Manish - Thank you for taking the time to reply, that's a very comprehensive answer and would likely be very helpful in most cases.  However we're utilizing TLS with our ISP and unfortunately due to that our next hop is our routing endpint in Anchorage on our own equipment.  This is a point to point link also, not an internet circuit, so I believe the 10Mb is guaranteed at each demarc.

Your suggestion of using mtr may be useful, however.  It seems as if my only recourse for saturating and testing the link is to use machines on the LAN side of each endpoint, as opposed to a test between the two Cisco routers.

Thanks again for the response, it's much appreciated.

Justin

gerald.suiza
Level 1
Level 1

hi,

it seems strange to me that the ISP wants to test throughput with a link that is in non production with a packet loss issue. i assume there is no traffic traversing the link since it is in non prod. if there is packet loss have the basics been checked like errors, speed and duplex settings etc? is there qos on the interface and how does packet loss present itself? when you do a normal ping does it have packet loss? those are the questions that come to mind.

that aside, you can saturate a link by telnetting into the routers with multiple sessions and with each session you can ping the far end device using large size pings (something like size 15000 to 18024) and using timeout 0. dont be alarmed when you see dots on your pings (example: ................................... something like this). that is normal. you can then check the load of the interface when you do the ping if it gets saturated.

hth

Hello Gerald,

While this being one of the easiest and most practical for WAN bandwidth testing I would like to emphasize that it can be CPU intensive.

What i have seen is as soon as tried with size18000/timeout 0 CPU jumped to over 50% of an aggregated services router.
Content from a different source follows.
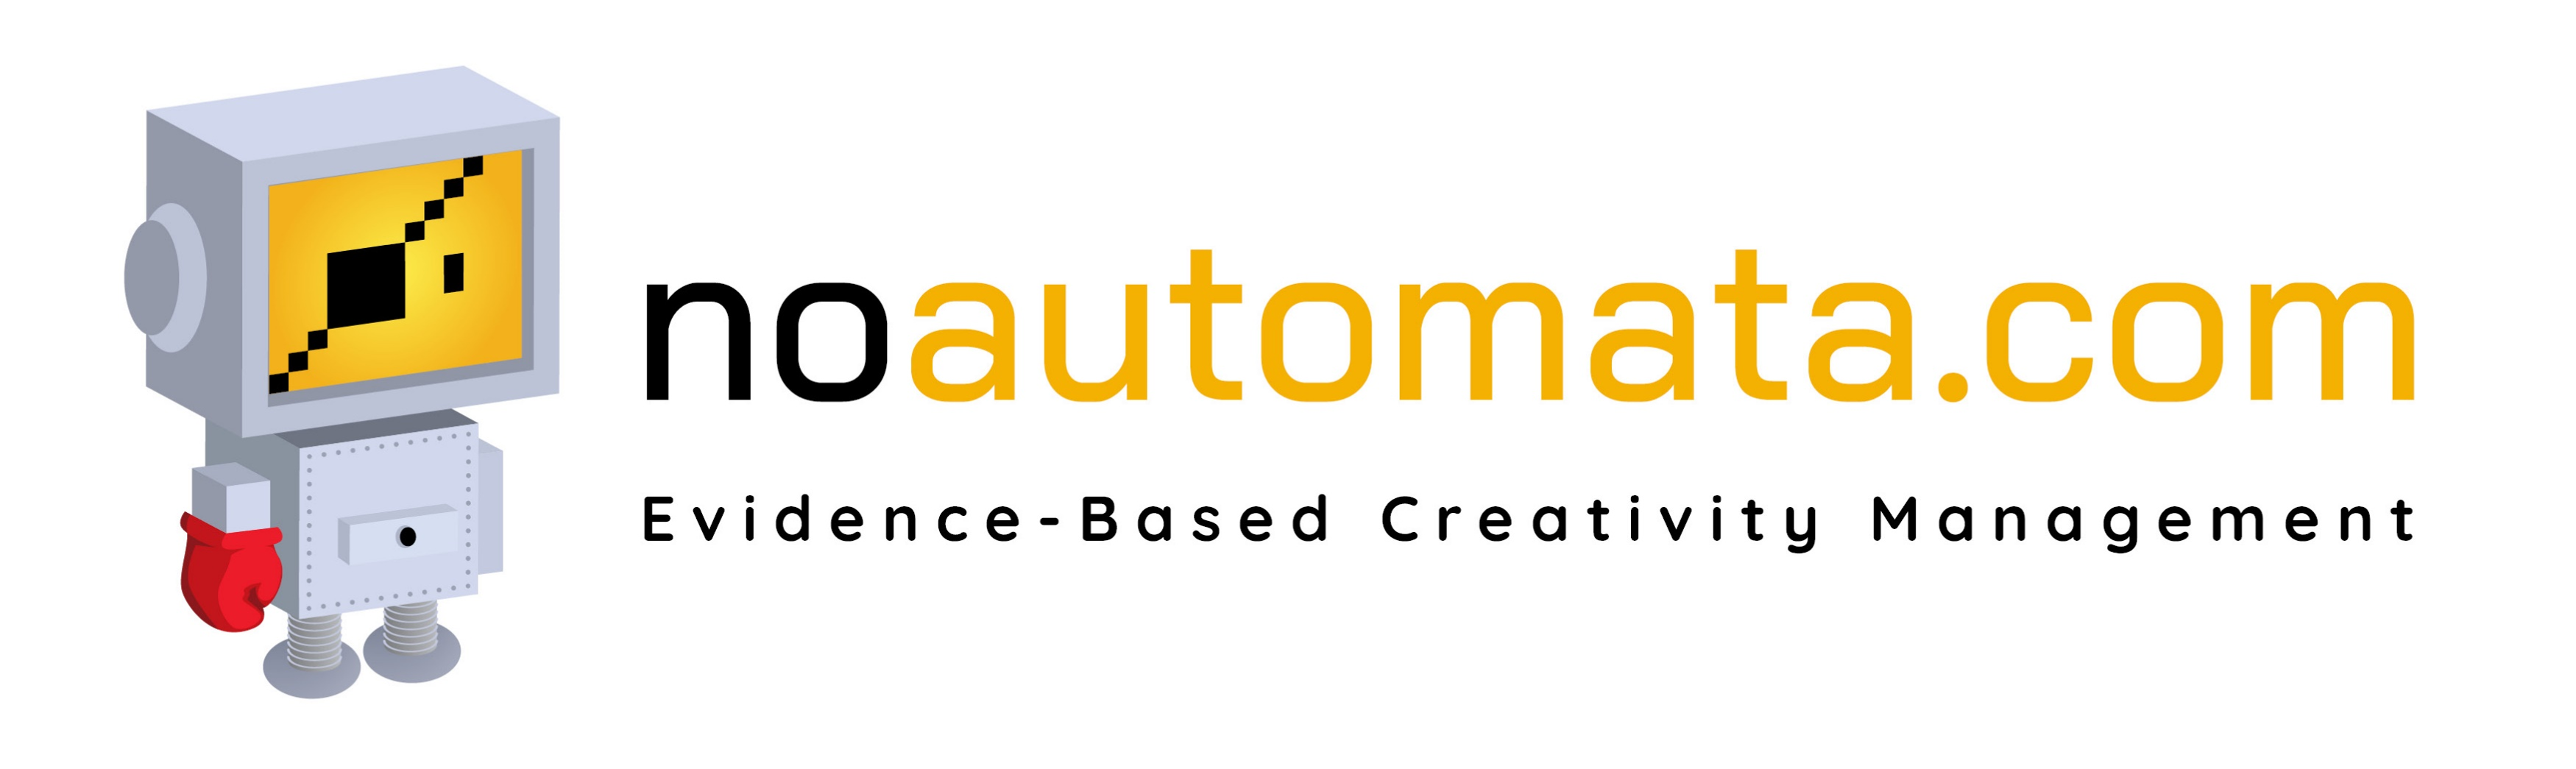 NoAutomata.com - kreatywność w organizacji - logotyp.

    211111111155555511111111111111111111111111111111111111111111
      788888888889889887888888887878788878888887888888888877888888
  100                                                          
   90                                                          
   80                                                          
   70                                                          
   60           ******                                         
   50           *####*                                         
   40           *#####                                         
   30 *         ######                                         
   20 ##########################################################
   10 ##########################################################
     0....5....1....1....2....2....3....3....4....4....5....5....6
               0    5    0    5    0    5    0    5    0    5    0
               CPU% per minute (last 60 minutes)
              * = maximum CPU%   # = average CPU%

So my suggestion would be that care should be taken while testing router to router WAN in production (even if the link uner test is off production).